*DATA SEGMENT*
○ ○ ○ ○ ○ ○ ○
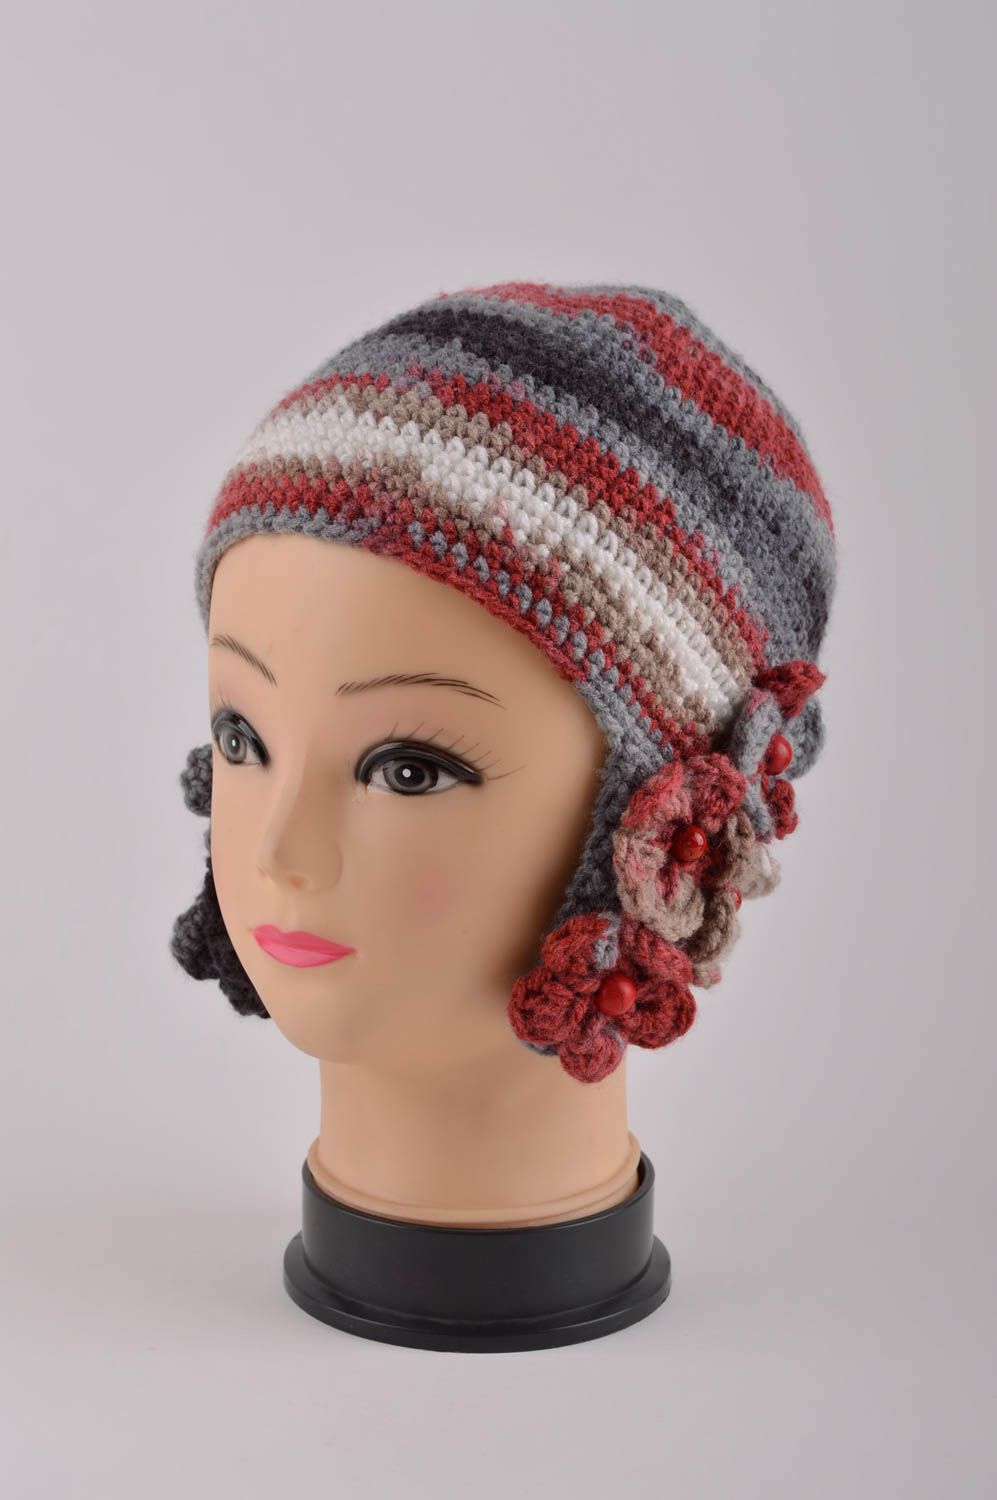 Handmade winter hat crochet hat ladies winter hats designer accessories photo 2
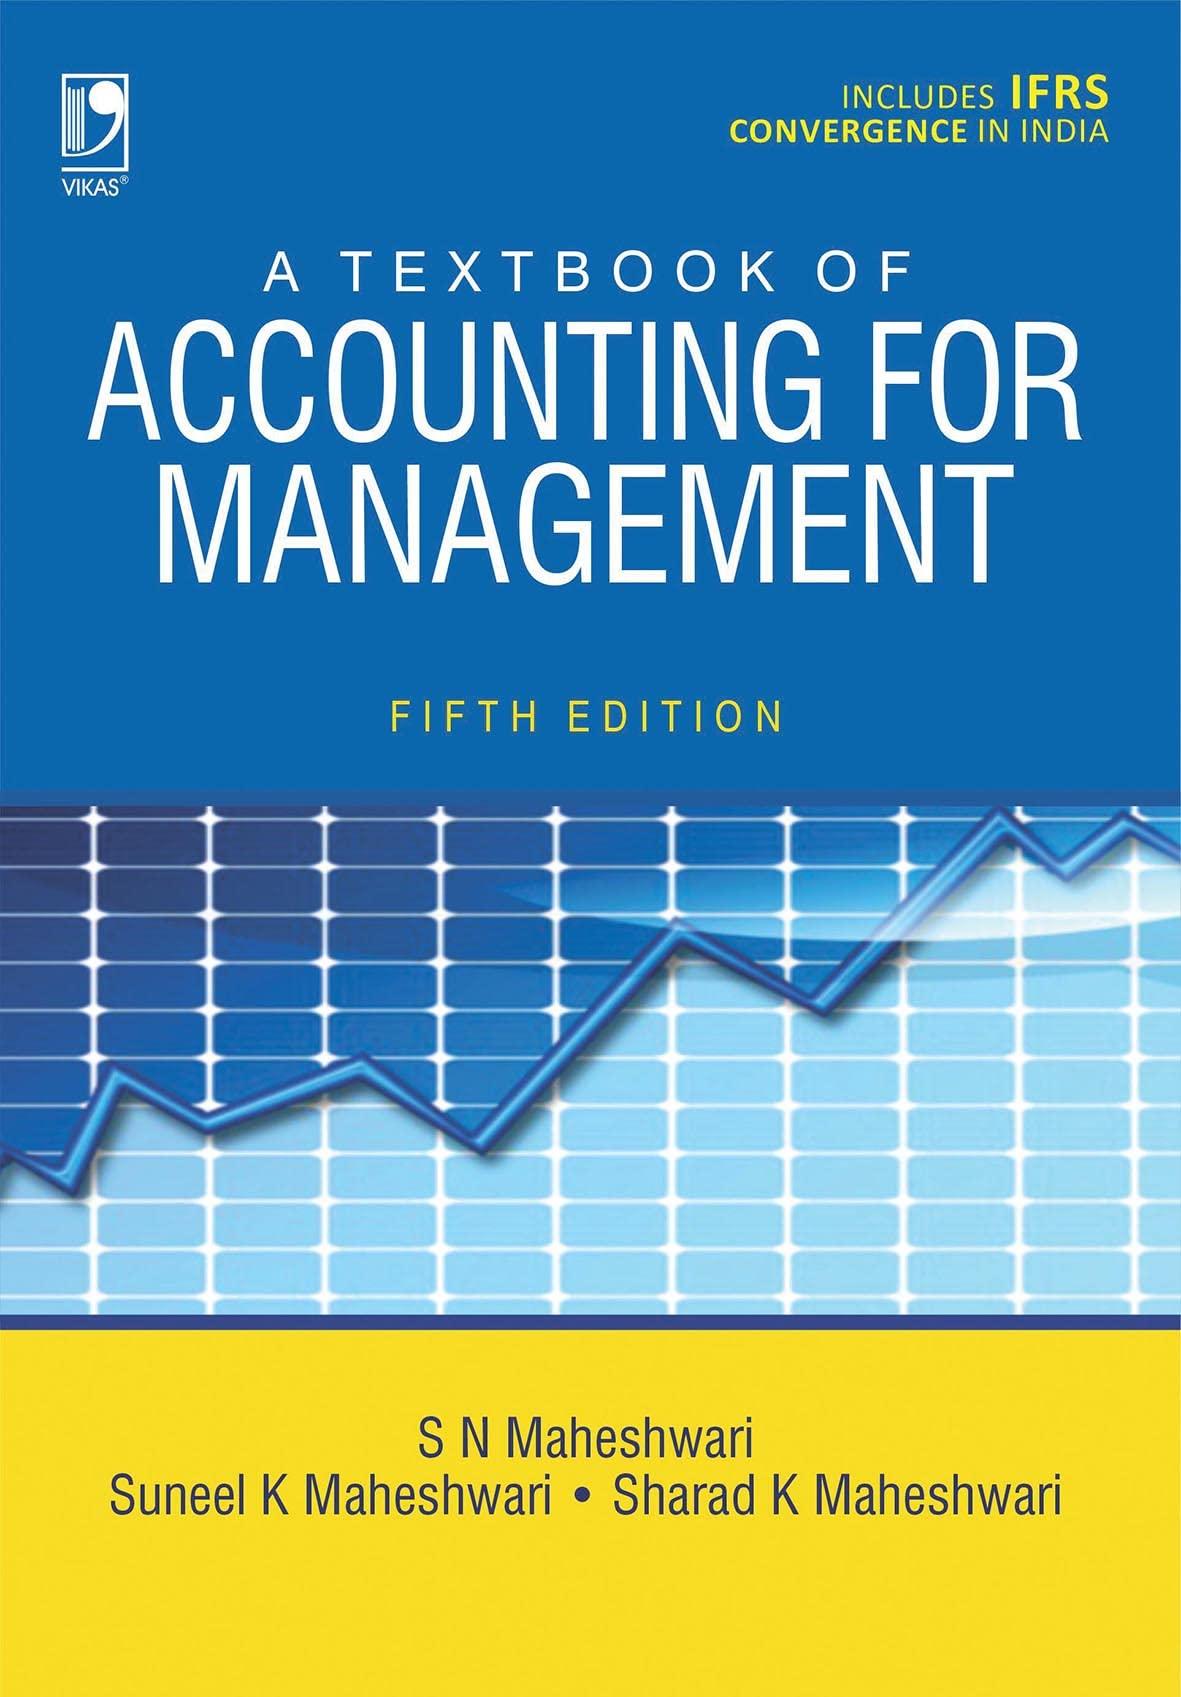 a textbook of accounting for management 5th edition sharad k maheshwari, suneel k maheshwari, s n maheshwari
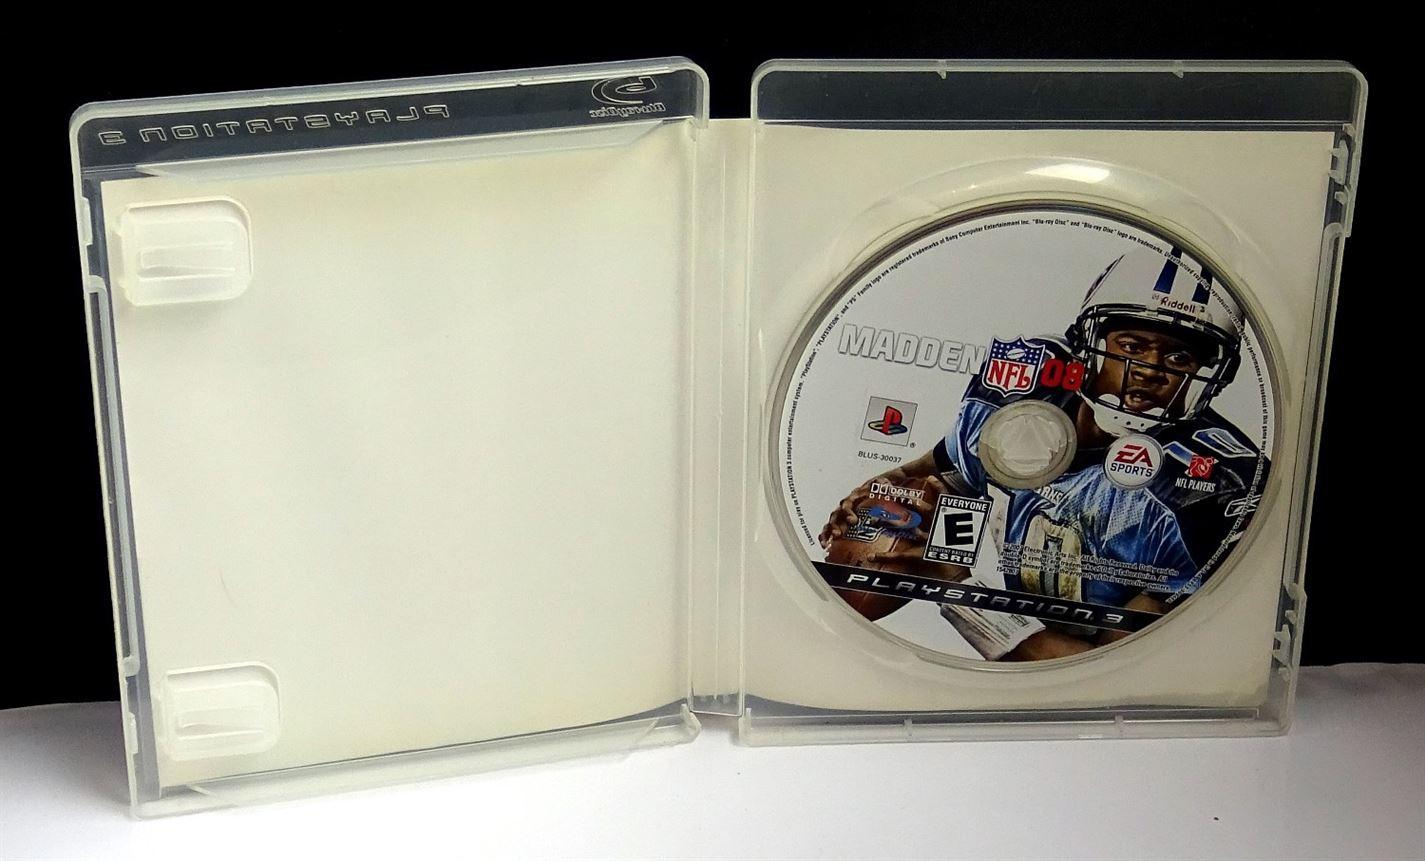 Madden NFL 08 PS3 (Playstation 3) - Free Postage - UK Seller 014633154283 USA Edition
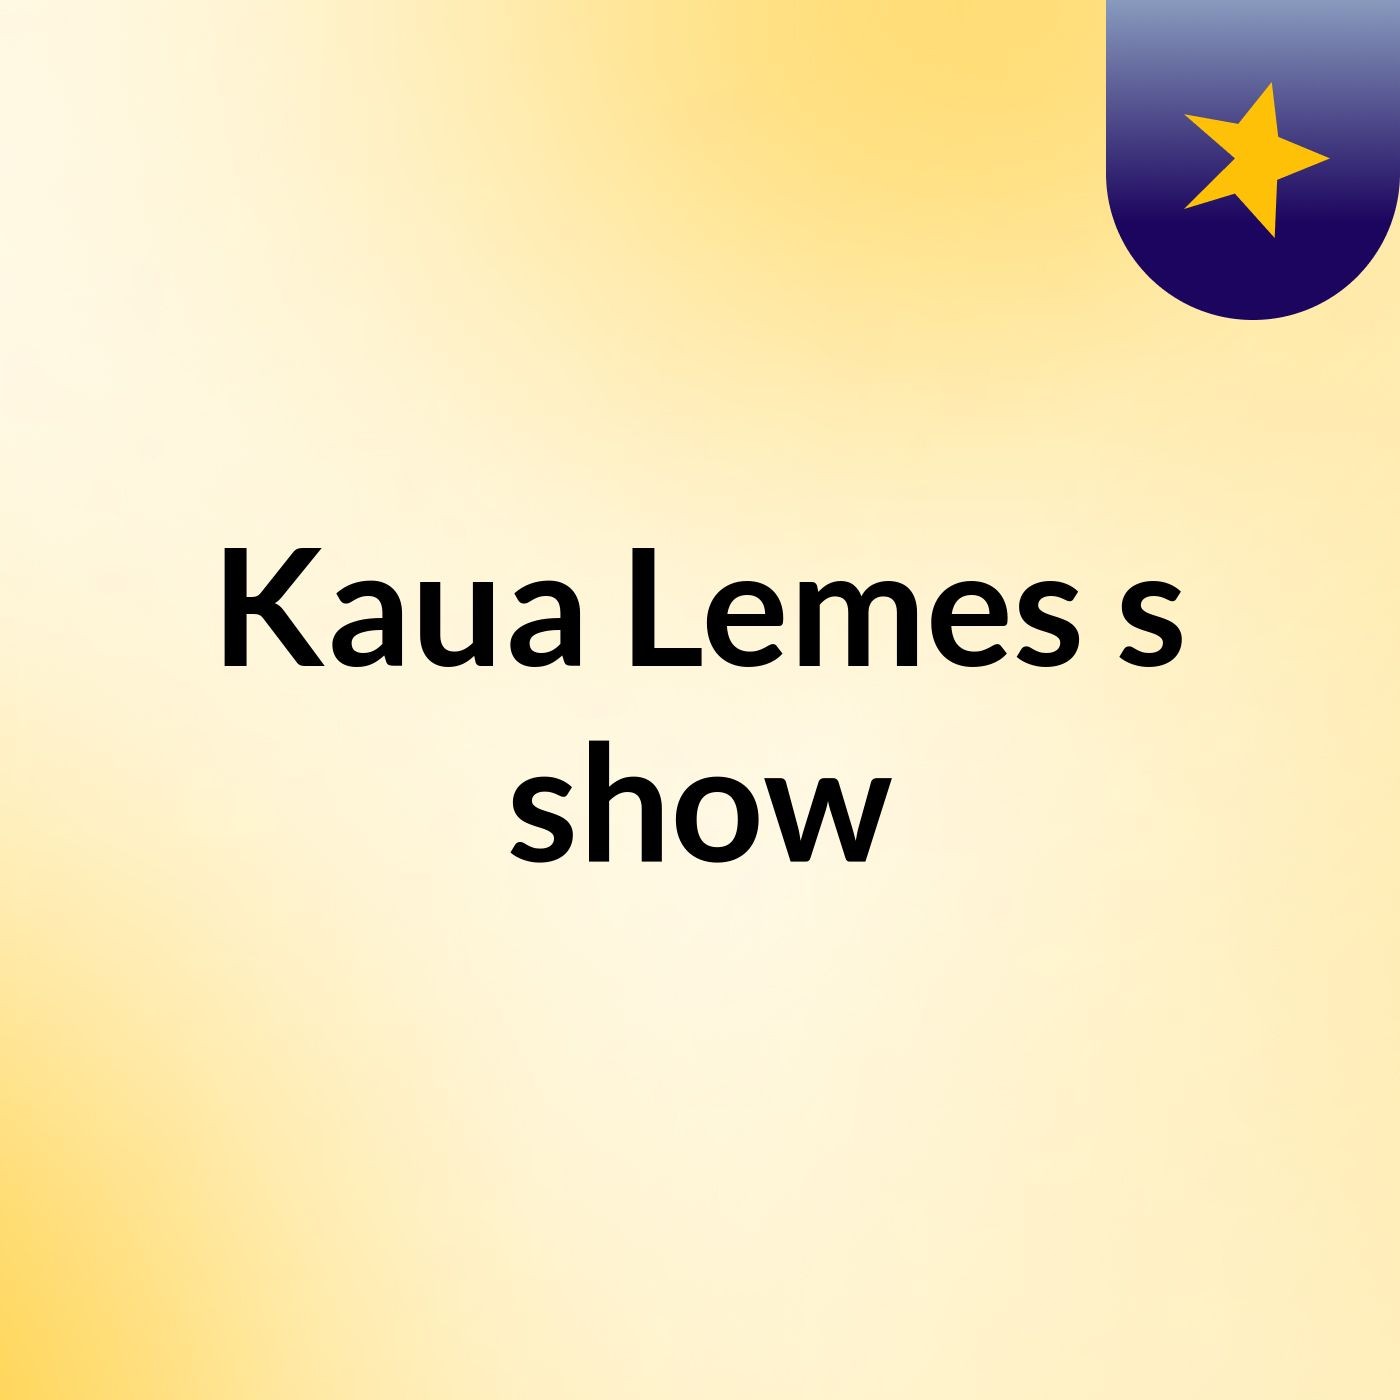 Kaua Lemes's show
○ ○ ○ ○ ○ ○ ○
*TASK DIRECTIONS*
The material above must be set down word for word, with no picture carried over.

*ANSWER AREA*
 Handmade winter hat crochet hat ladies winter hats designer accessories photo 2
 a textbook of accounting for management 5th edition sharad k maheshwari, suneel k maheshwari, s n maheshwari
 Madden NFL 08 PS3 (Playstation 3) - Free Postage - UK Seller 014633154283 USA Edition
 Kaua Lemes's show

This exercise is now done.